▸ What you are asked to do:
Repeat the listing exactly. Do not carry over any pictures.

### Provided data ###

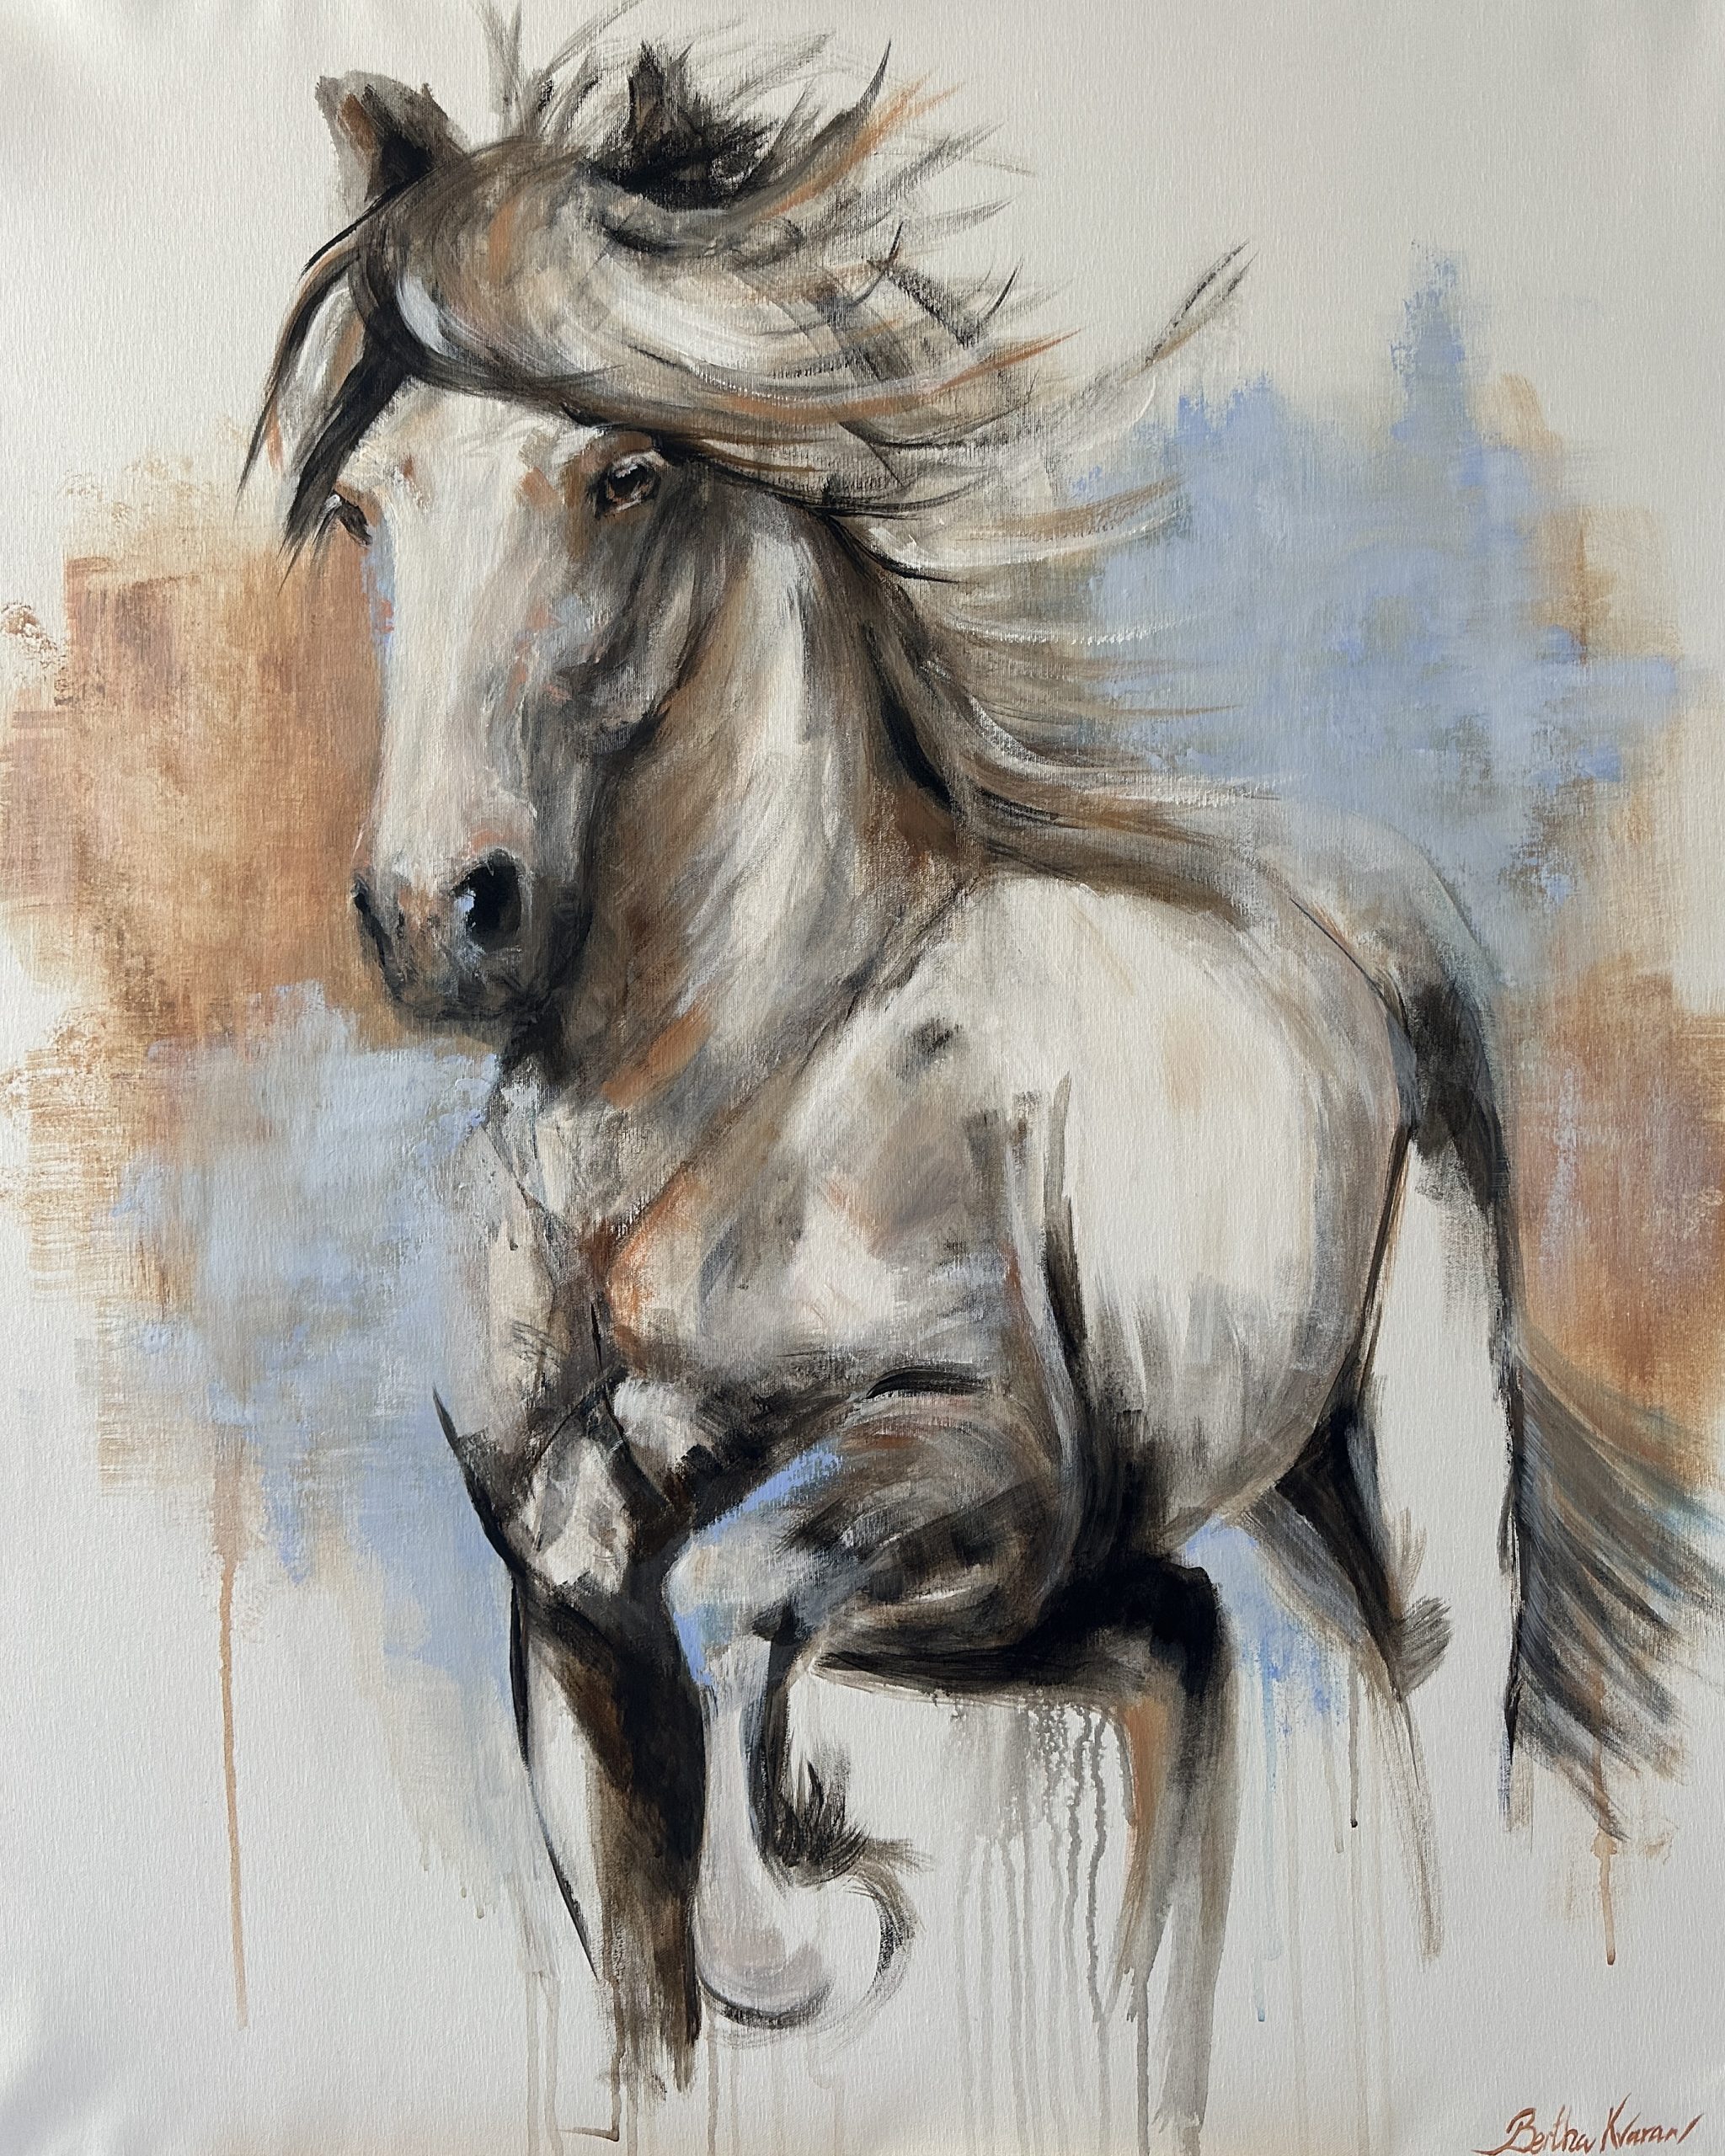 White horse on canvas, painting by Bertha Kvaran ART
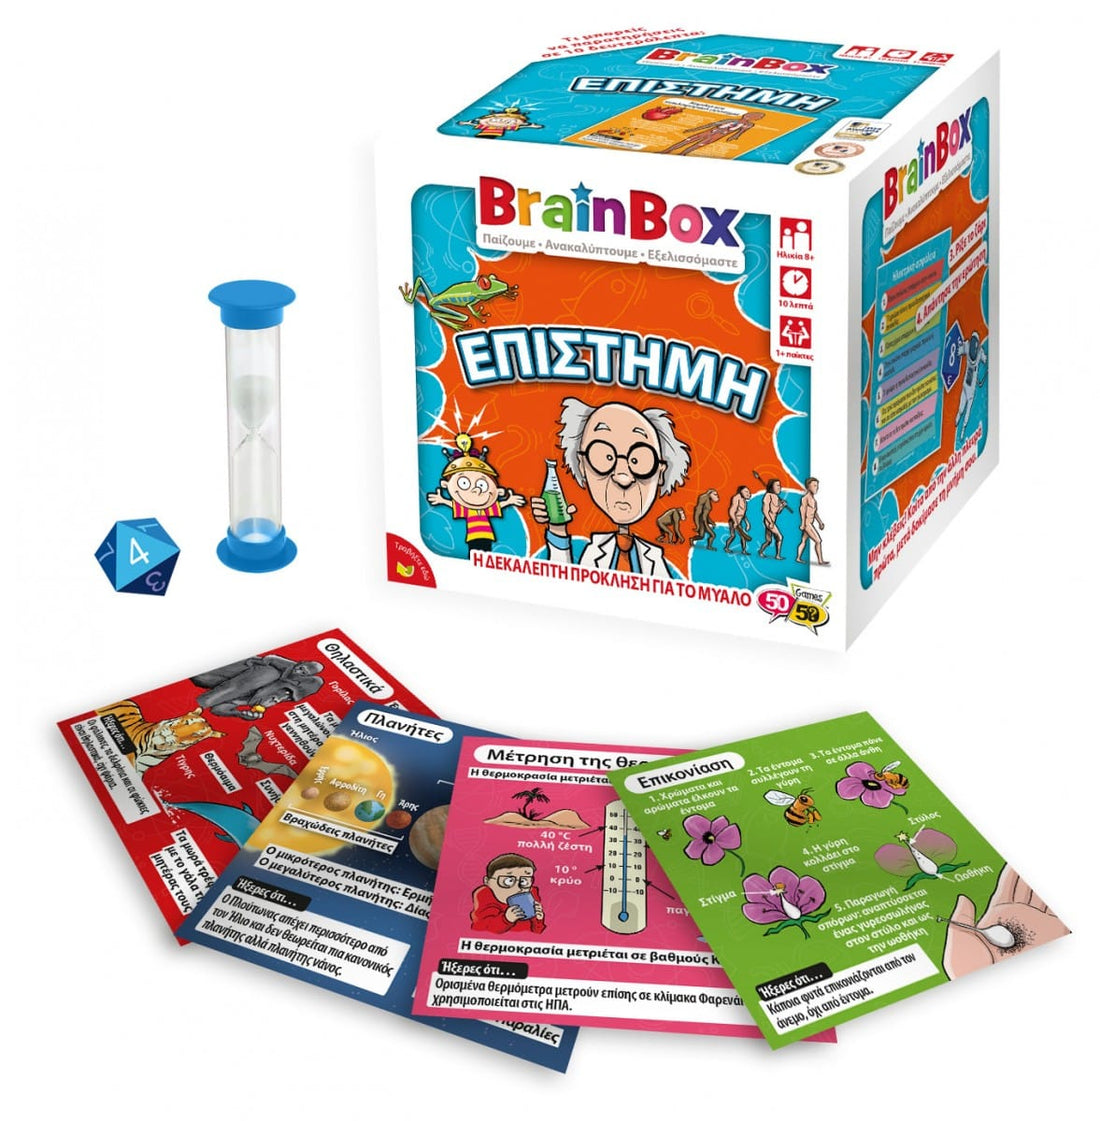 Brainbox Επιστημη Επιτραπεζιο Παιχνιδι
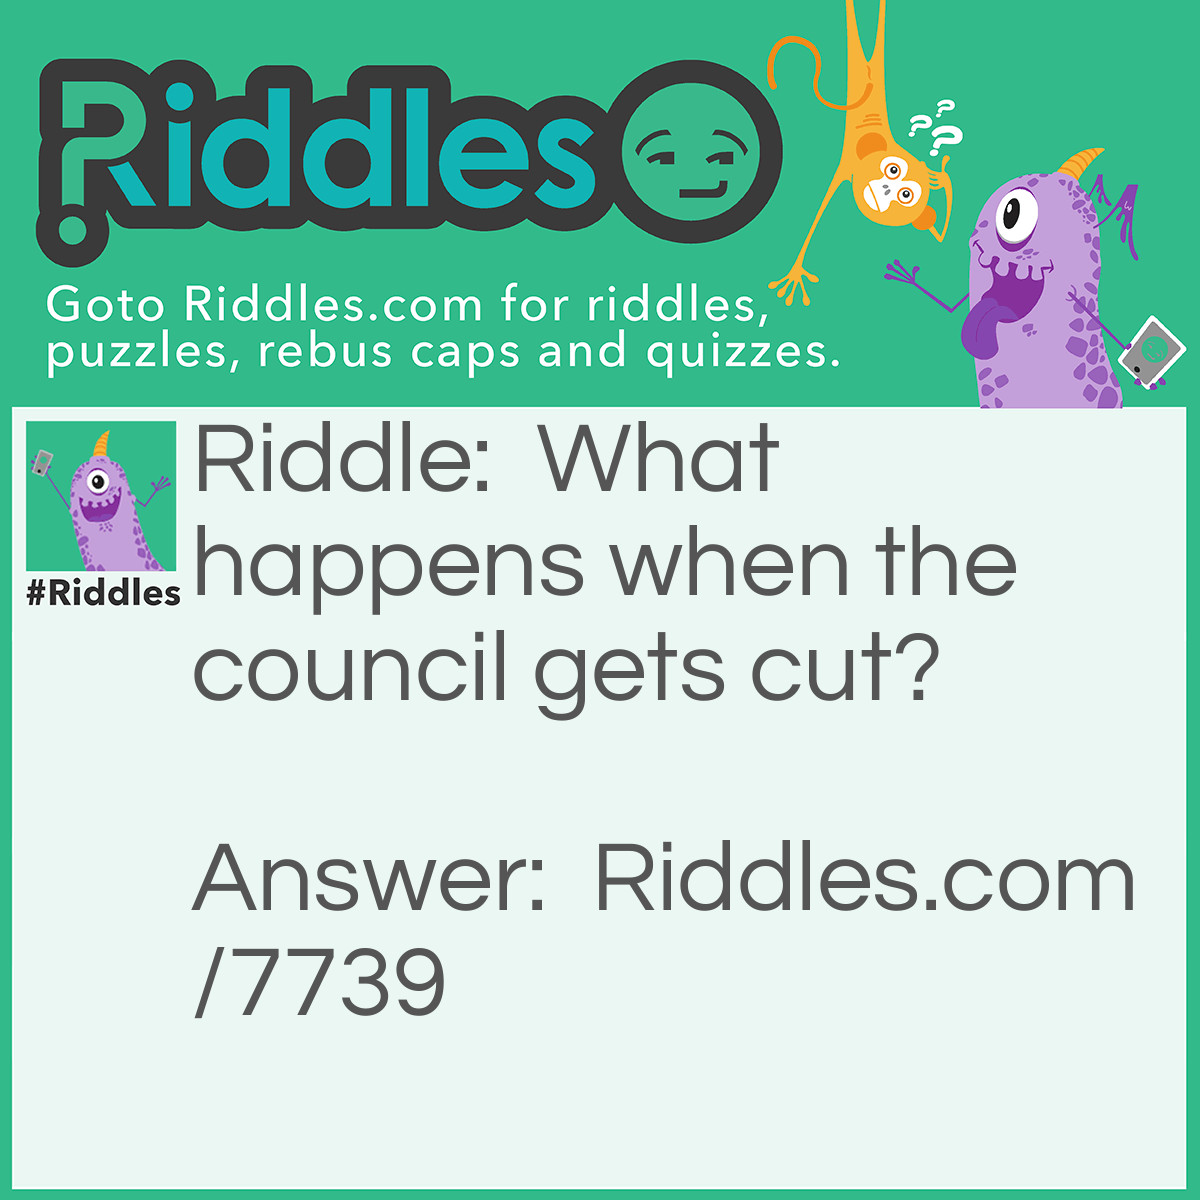 Riddle: What happens when the council gets cut? Answer: It assembleeds

###

▸ Your response:
 White horse on canvas, painting by Bertha Kvaran ART
 Brainbox Επιστημη Επιτραπεζιο Παιχνιδι
 Riddle: What happens when the council gets cut? Answer: It assembleeds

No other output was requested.